Session Panelist: Understanding the Singapore Conference and What It Means to Mediation

Tat is a dispute resolution practitioner based in Singapore, with 30 years’ experience as a dispute resolution counsel and 15 years’ experience as a commercial mediator.

He is recognised in Who’sWhoLegal as a leading mediator and in Legal500 for his practice in commercial litigation.  He is a certified mediator with many distinguished mediation panels including IMI and Compliance Advisory Ombudsman, IFC, World Bank Group, and has successfully mediated a broad spectrum of disputes across Asia.

He is a Weinstein JAMS International Fellow, and serves as Co-Chair of the IBA Mediation Committee, Board Member of Singapore Mediation Centre and Member of the IMI Independent Advisory Committee.
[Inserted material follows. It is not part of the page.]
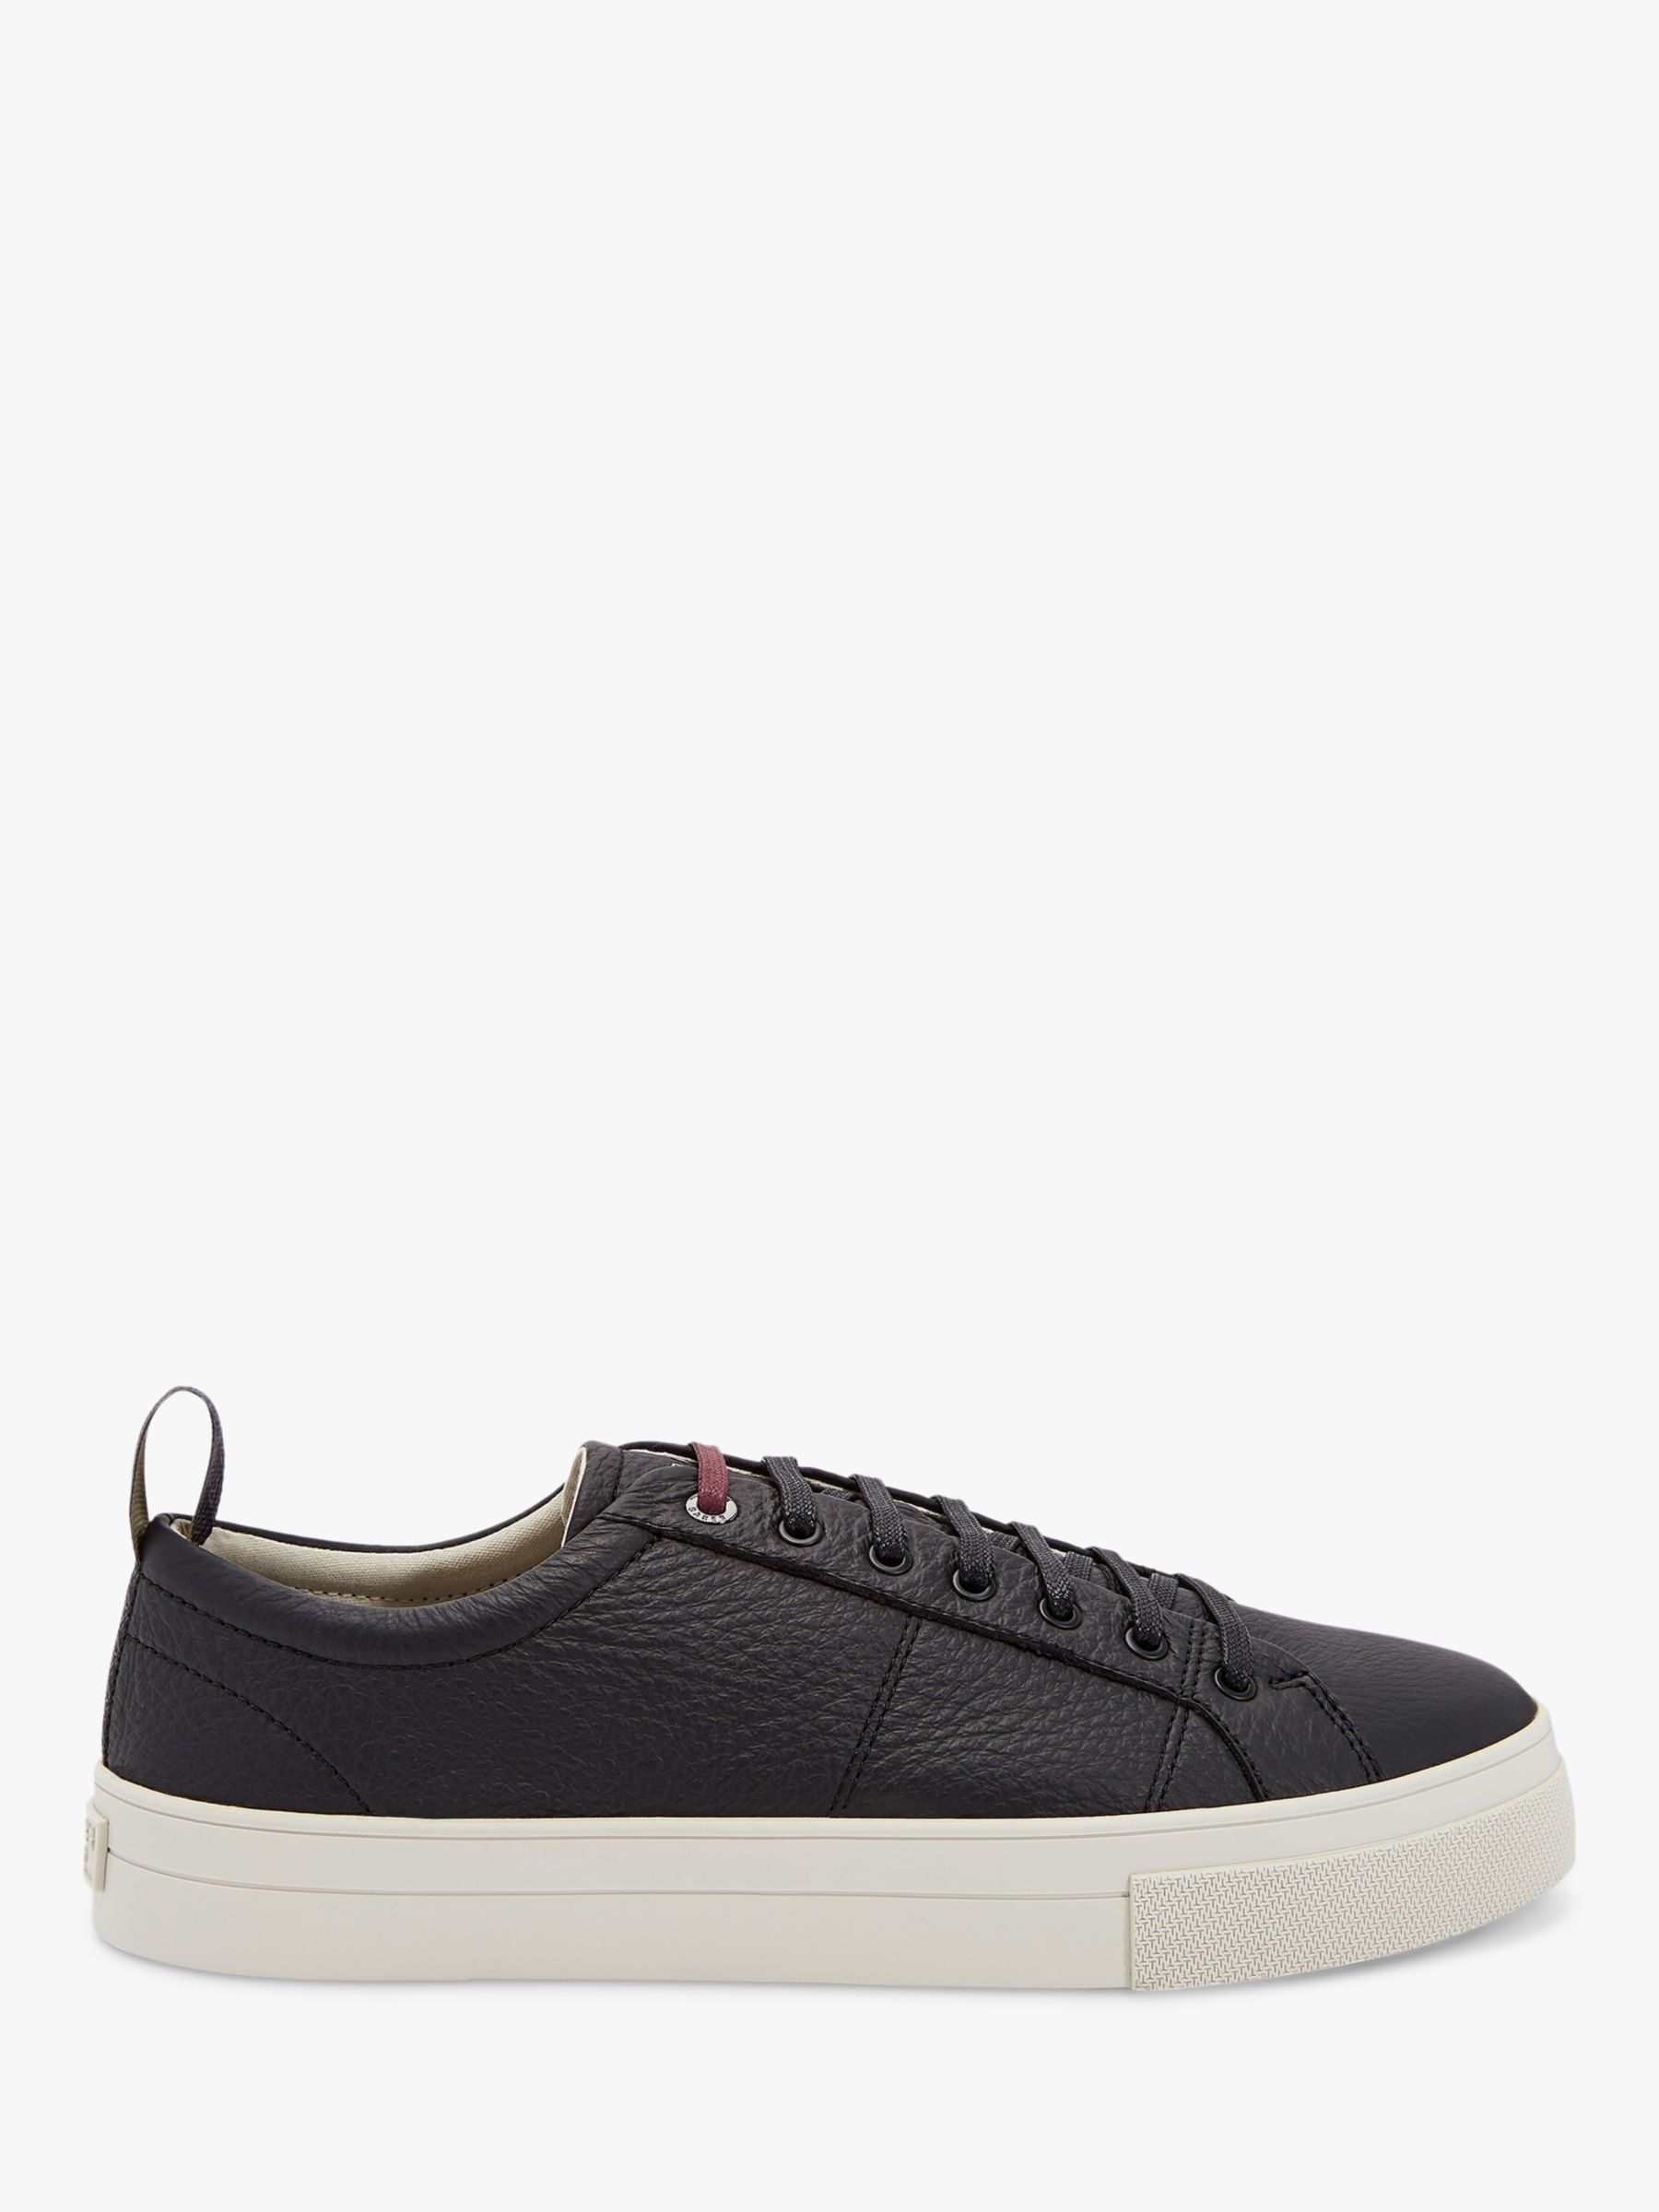 Ted Baker Ephran Leather Trainers

His contributions to publications in his areas of practice include Singapore Civil Procedure (Sweet & Maxwell), Mediation in Singapore: A Practical Guide (Sweet & Maxwell), Mediation Practice (ICC), and Stories Mediators Tell: World Edition (ABA).

Hal Abramson

Session: Understanding the Singapore Conference and What It Means to Mediation

Professor Hal Abramson, faculty member and former vice dean at Touro Law Center, New York, teaches, trains, and writes on representing clients in domestic and international mediations, resolving intercultural disputes, and negotiations. He has taught or trained on dispute resolution in nineteen countries on six continents. For his contributions to the field of dispute resolution, Professor Abramson received the 2013 Peace Builder Award from the New York State Dispute Resolution Association.  Professor Abramson is an award-winning author who has been selected for International Who’s Who of Commercial Mediation, served as first scholar-in-residence for the International Academy of Mediators, and has conducted training in nineteen countries on six continents.